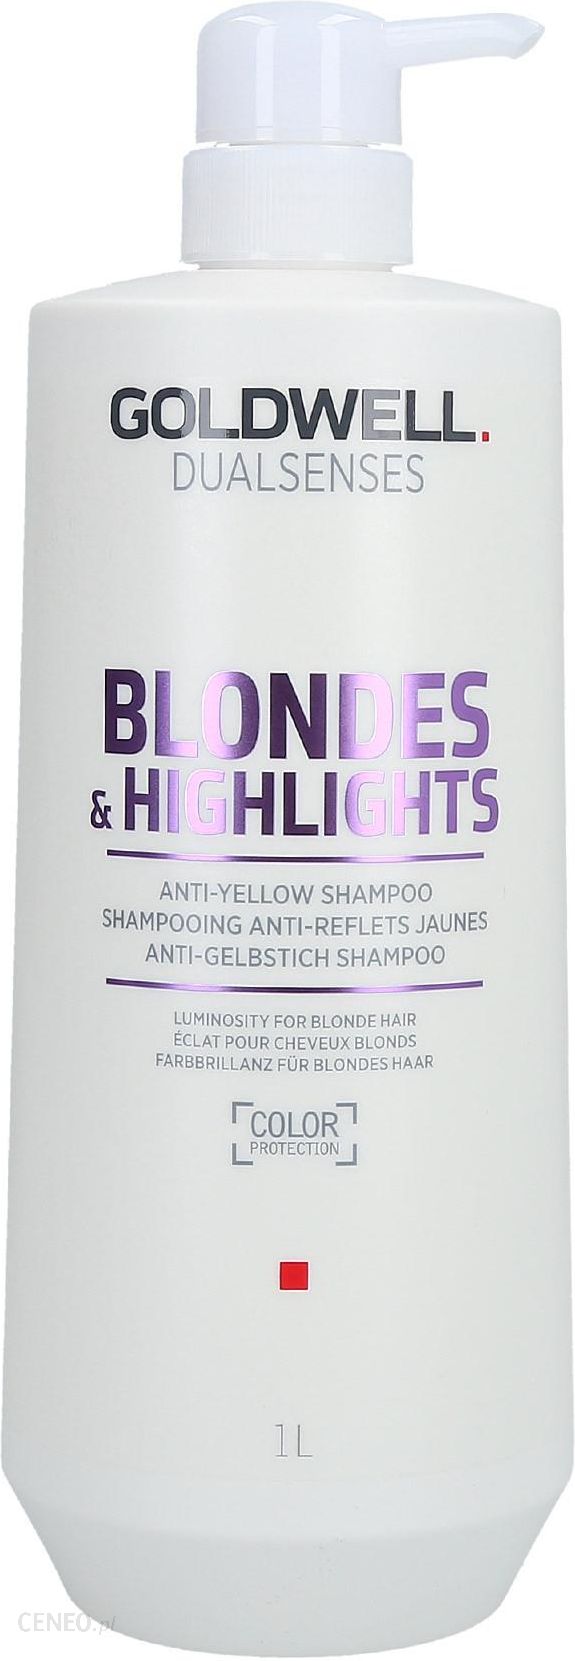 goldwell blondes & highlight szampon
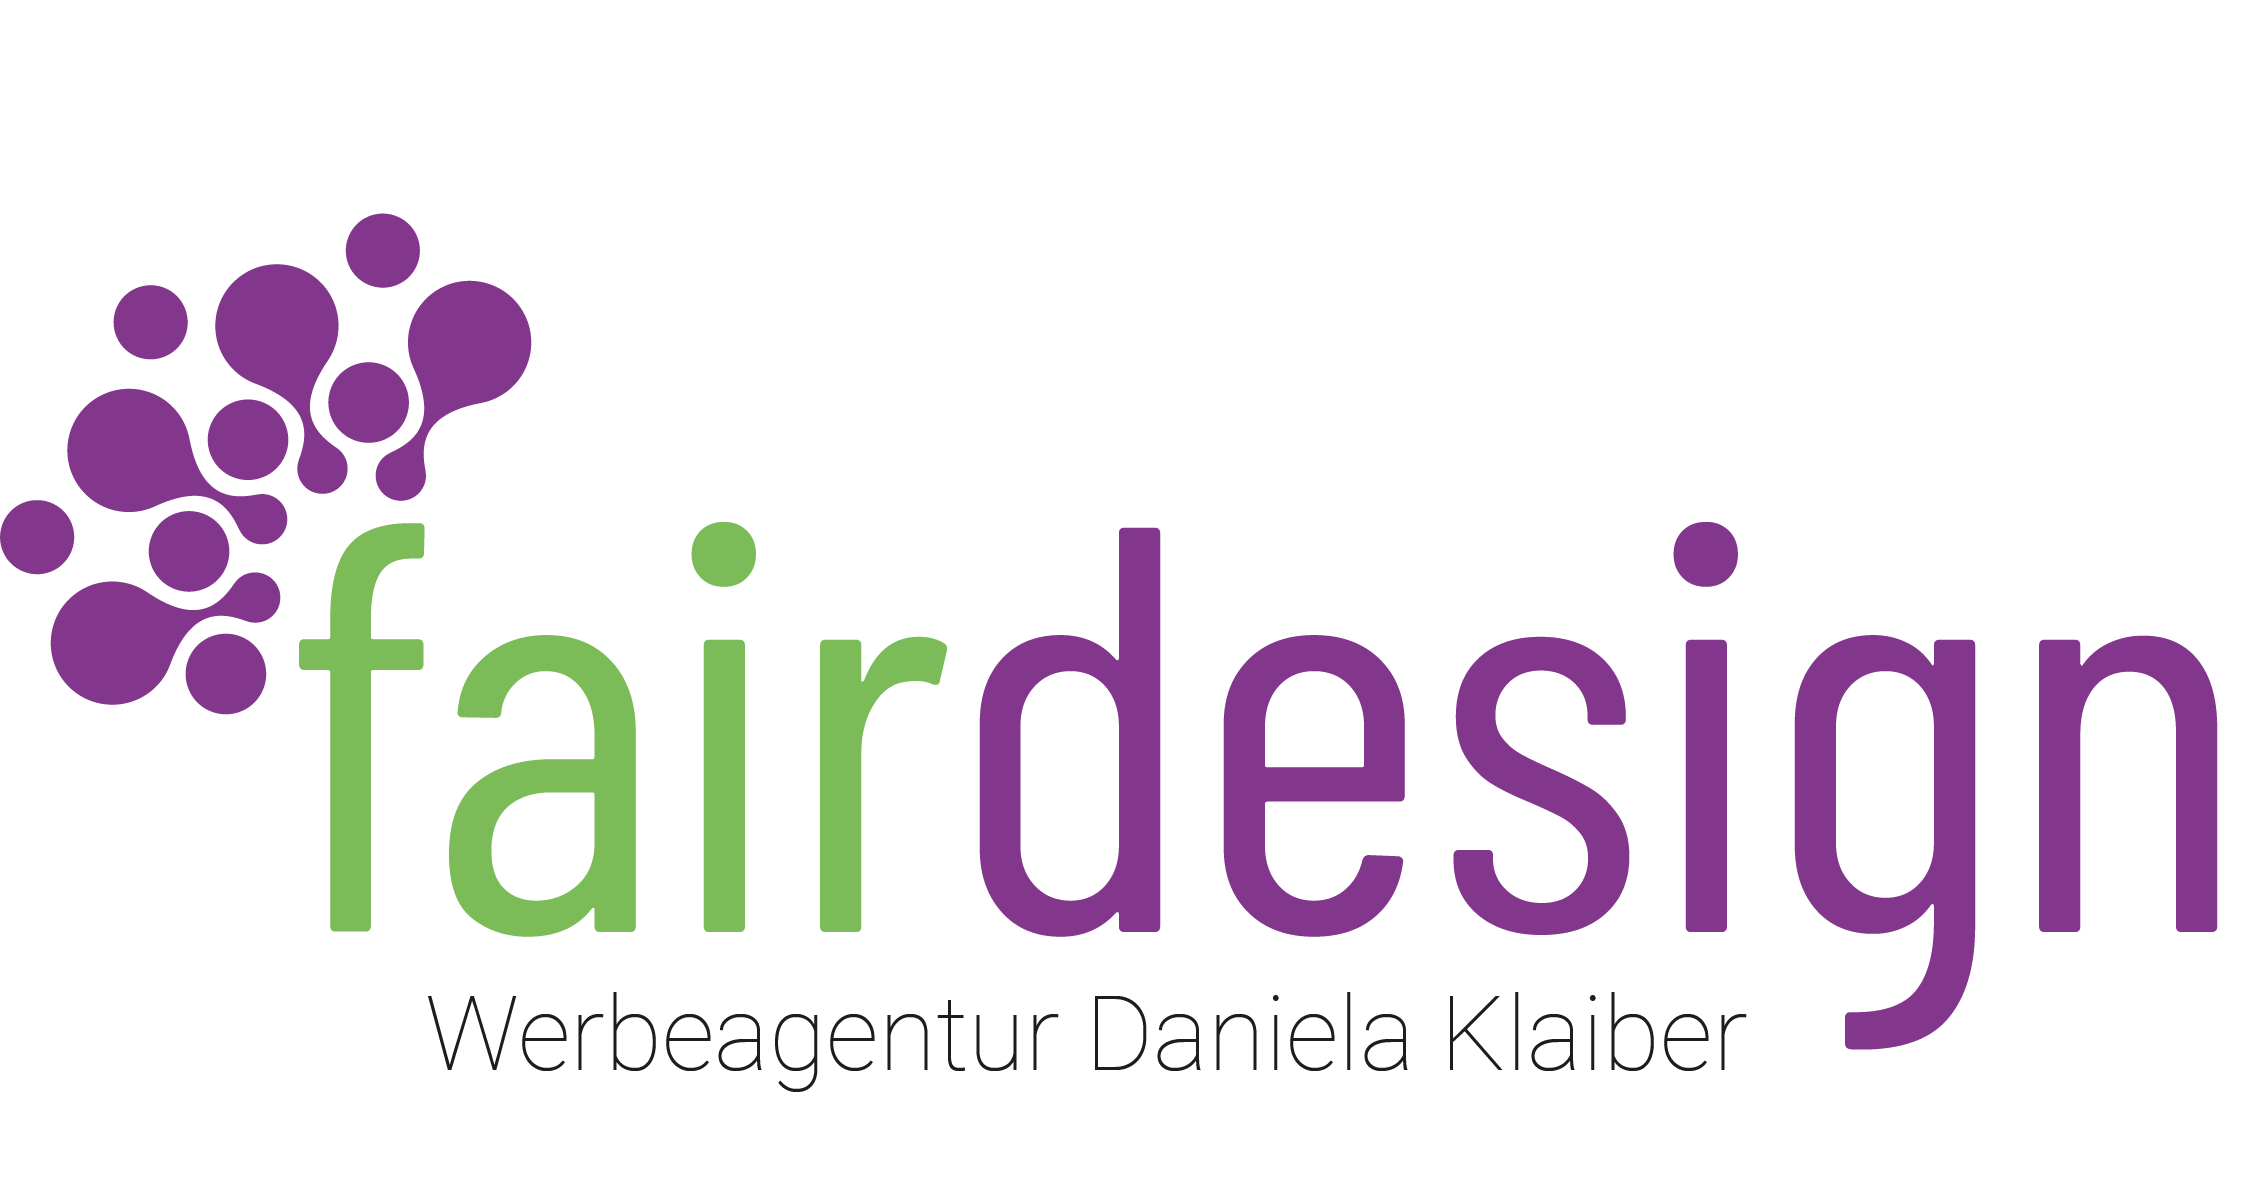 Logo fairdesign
_____
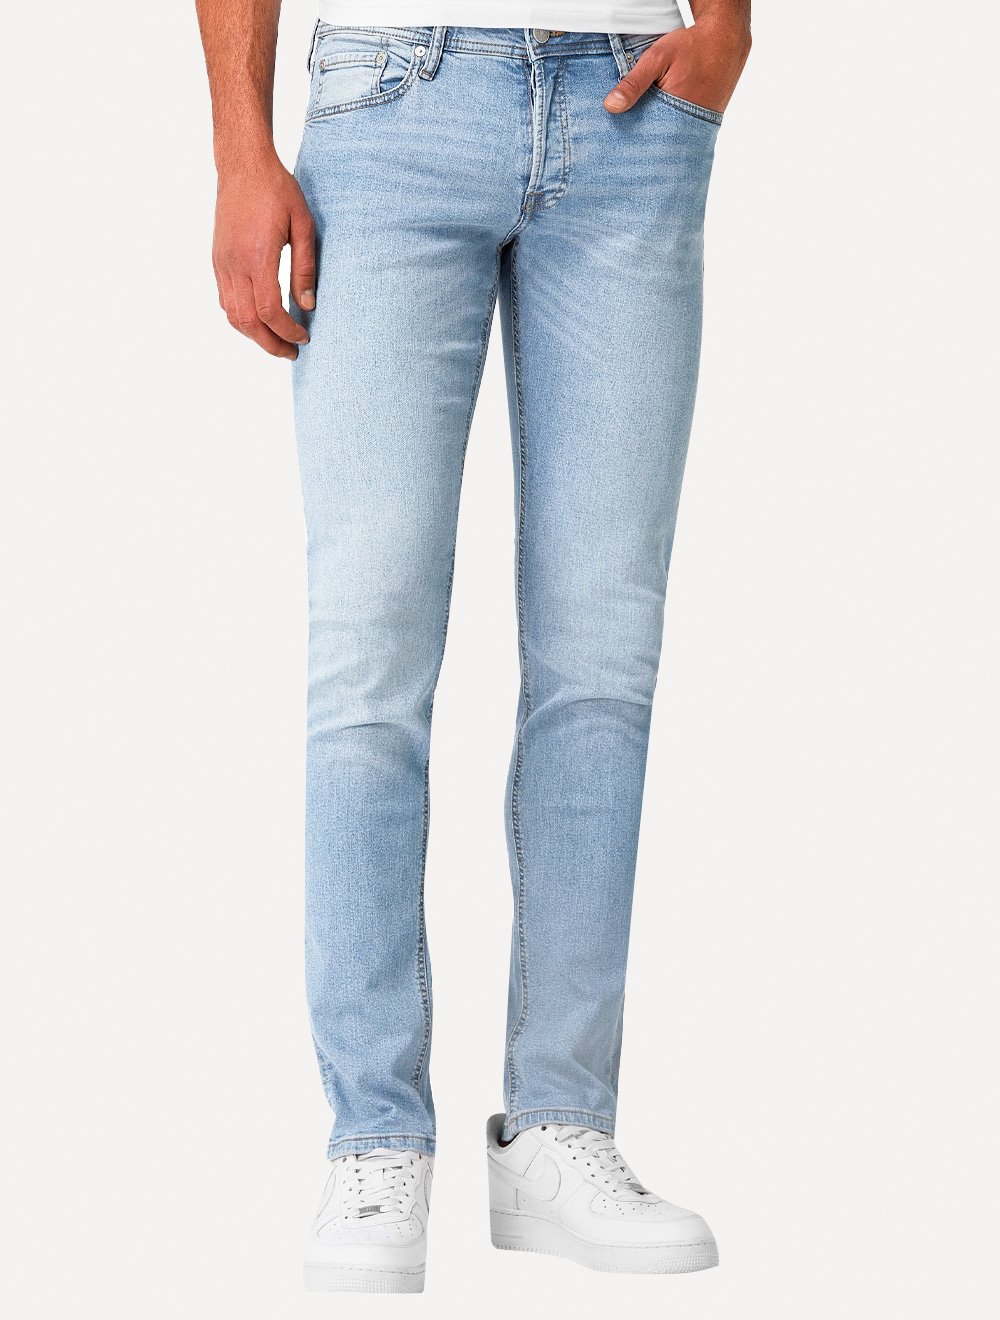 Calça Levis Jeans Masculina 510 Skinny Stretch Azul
_____
What are the lines above from the one with "goldwell blondes & highlight szampon" to the one with "Logo fairdesign", both included? Reproduce them exactly, without pictures.

 goldwell blondes & highlight szampon
 Logo fairdesign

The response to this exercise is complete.